San Pío X,  En el Cónclave

San Pío X, En el Cónclave

San Pío X

En el Cónclave

San-PioX-Papa

En la mañana del 27 de julio llegaba a Roma el cardenal de la serenísima y se alojaba en el Colegio Lombardo, situado entonces en Prati di Castello.

 

El cardenal no albergaba ninguna duda acerca de su regreso a Venecia. La idea del Papado se hallaba tan alejada de su mente que,  a los bienintencionados pronósticos de sus amigos y conocidos, no contestaba, o bien respondía con una de aquellas bromas familiares que a menudo florecían en sus labios,  siempre abiertos a una tranquila y digna jovialidad.

 

El afecto que le habían demostrado sus buenos venecianos en el momento de su partida de la tranquila ciudad de la Laguna le acrecentaba el deseo de regresar, tan pronto hubiera terminado el Cónclave, para reunirse con su querido pueblo, a quien había prometido volver vivo o muerto.

 

Sus sentimientos se nos revelan aún con mayor claridad en el curioso diálogo que con él sostuvo un cardenal francés.

 

En una de las reuniones preparatorias al Cónclave, el cardenal Lécot, Arzobispo de Burdeos, se halló casualmente junto al patriarca de Venecia. No lo conocía personalmente y, al iniciar la conversación con él, le preguntó en su idioma nativo:

¿De qué diócesis es Arzobispo Vuestra Eminencia?

¡No hablo francés! –respondió, medio en broma, medio en serio, el cardenal Sarto.

¿De dónde viene? –insistió en latín el purpurado de Burdeos.

De Venecia.

¿Es, pues, Vuestra Eminencia el patriarca de Venecia?
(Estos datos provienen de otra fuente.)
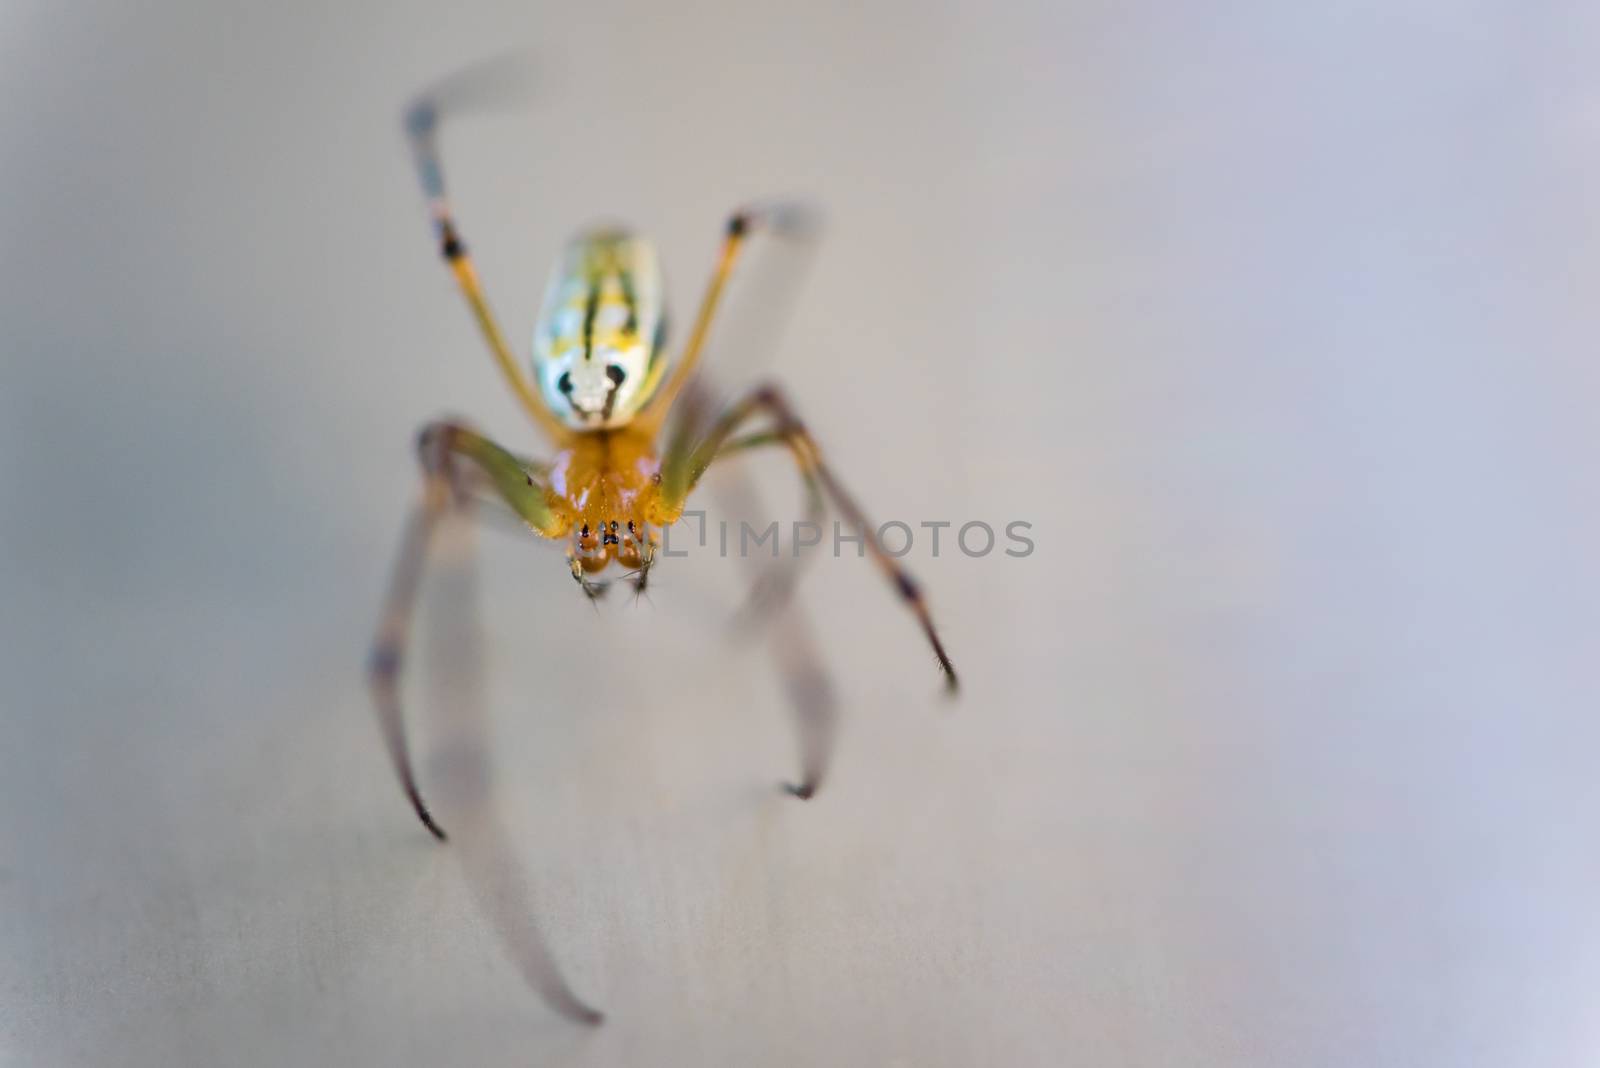 Small Spider by justtscott

¡Ciertamente! –replicó el futuro Pío X.

 

¡Pero si Vuestra Eminencia no habla el francés no puede ser papable, pues el Papa ha de saber hablar la lengua francesa! –añadió el Eminentísimo prelado francés.

 

¡Así es, Eminencia! No soy Papable, Deo gratias!- concluyó tranquilamente el cardenal veneciano, como aliviado de una pesadilla angustiosa y muy  satisfecho de haber encontrado a un cardenal que pensaba como él.

 

Pero los designios de Dios eran muy distintos y estaban ya a punto de manifestarse sobre el cardenal de Venecia, el cual, si bien no sabía hablar francés, tenía sobrada santidad y ciencia para ser el hombre elegido por Dios para regir el destino de su Iglesia e indicar a los hombres los seguros caminos de la verdad y de la salvación.

 

En el llameante crepúsculo del 31 de julio, sesenta y dos purpurados, graves y solemnes, entraban en la Capilla Sixtina, para iniciar el Cónclave bajo la directa inspiración del Espíritu Santo. Ya sabía que el decano del Sacro Colegio era el anciano y resuelto cardenal del Pío IX, Emmo. Oreglia di Santo Stefano, y que el secretario del Cónclave era el distinguidísimo prelado Mons. Merry del Val, Arzobispo de Nicea y presidente de la Academia de los Nobles Eclesiásticos, el cual, bajo el Pontificado de León XIII, había desempeñado a entera satisfacción cargos importantísimos y cuya insigne piedad y profunda cultura eran apreciadas por todos los cardenales.

 

En el rostro del cardenal Sarto se leía grave preocupación: la de dar a la Cátedra de Pedro un digno sucesor, sin soñar ni por un instante que él mismo había de ser el gran elegido y el destinado a llevar la pesadísima cruz de las Llaves Supremas.

 

En el primer escrutinio de la mañana del 1° de agosto tuvo cinco votos, y en el segundo, el de la tarde, diez. Con su inalterable buen humor, se rio de ello y susurró a un Eminentísimo que se hallaba sentado junto a él: “Los cardenales se divierten a costa mía” tanto más cuanto que el cardenal de Rampolla había obtenido veintinueve y todo hacía suponer que los votos en su favor irían en aumento.

 

Pero al día siguiente  las cosas cambiaron.

 

El cardenal Puzyna, obispo de Cracovia, con un gesto tan anacrónico como odioso, en nombre de Su Majestad Apostólica el Emperador de Austria, expresó su veto contra el secretario de Estado León XIII, ignorando que la áulica “exclusiva” de josefinesca memoria debía dar a los  acontecimientos el curso preparado por la Providencia Divina.

 

El decano del Sacro Colegio, el Emmo. Oreglia, se levantó inmediatamente y protestó con orgullosos acento contra el odioso servilismo a una potencia laica, absolutamente extraña al Cónclave, la cual había querido atar las manos al Colegio en la elección del Sacro Pontífice, declarando, al mismo tiempo,  que ninguno de los cardenales tomaría en consideración, en modo alguno, un veto que, ante su conciencia, carecía en absoluto de toda validez.

 

No menos alta ni solemne se elevó la protesta del Emmo. Rampolla, el cual, alzándose con  toda la grandeza de su conciencia, superior a todos los avatares humanos, dijo:

-Deploro vivamente la gravedad del ultraje inferido por una potencia laica a la libertad de la Iglesia y a la dignidad del Sacro Colegio, y protesto enérgicamente. En cuanto a mi humilde persona, declaro que nada más honroso y más grato podía ocurrirme.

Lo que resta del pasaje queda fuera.